Finding our way without learning from History will prove very difficult. In describing the way our culture lags behind technology, William Sloan Coffin used to say, “We are technological giants and moral midgets.” To quote the Forum program again, Arthur Schlesinger said, “History is an antidote to foolishness.” In In the face of science and technology increasing the deadliness of our weaponry, we need the Humanities to teach the kind of reconciliation that makes wars obsolete. We are wasting the earth’s resources in mutual self-destruction and when the time comes when we need these resources for human survival on this planet, they will not be there.

To quote Lewis Lapham from the Forum program just once again, “Think of the sciences as the House of Representatives and think of the Humanities as the Senate.” It is high time that the Humanities get into the sunlight and out of the shadows for the renaissance in Theology, Philosophy, and History that our culture and society so desperately needs.

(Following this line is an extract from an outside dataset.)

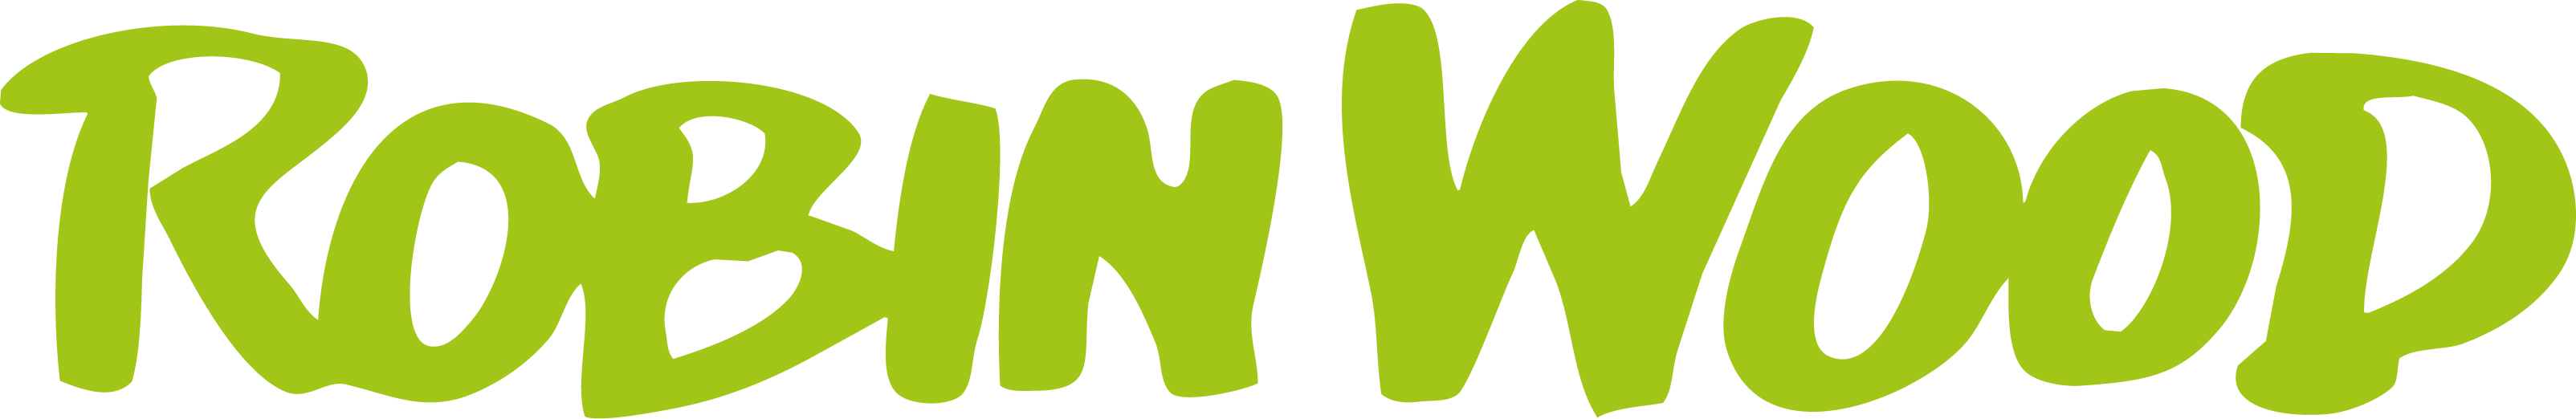 Robin Wood Logo - Robin Wood Logo (3208x522)

[1] Lewis Lapham speaking with Michael Krasny on Forum, March 24, 2011. See http://www.kqed.org/a/forum/R201103241000

[2] See the New York Times article by Matthew L. Wald, “Japanese Crisis Revives U.S. Fight on Nuclear Waste,” Thursday, March 24, 2011, page A-1 and A-3: “One problem is that the courts have interpreted federal law as requiring the Energy Department to show that the waste can be safely stored in canisters there for one million years. So far, the department has established only that it can contain the material for 10,000 years.”

[3] New York Times, March 28, 2011, John M. Broder, Matthew L. Wald, and Tom Zeller, “At U.S. Nuclear Sites: Preparing for the Unlikely”: “The commission, looking at how much radiation it would take to kill people in accidents, and how much it would take to raise cancer rates, decided that reactors would meet that standard if there were meltdowns with off-site consequences only once per 100,000 years of operation.” With 104 nuclear reactors in the United States, that makes it once every 1,000 years or so.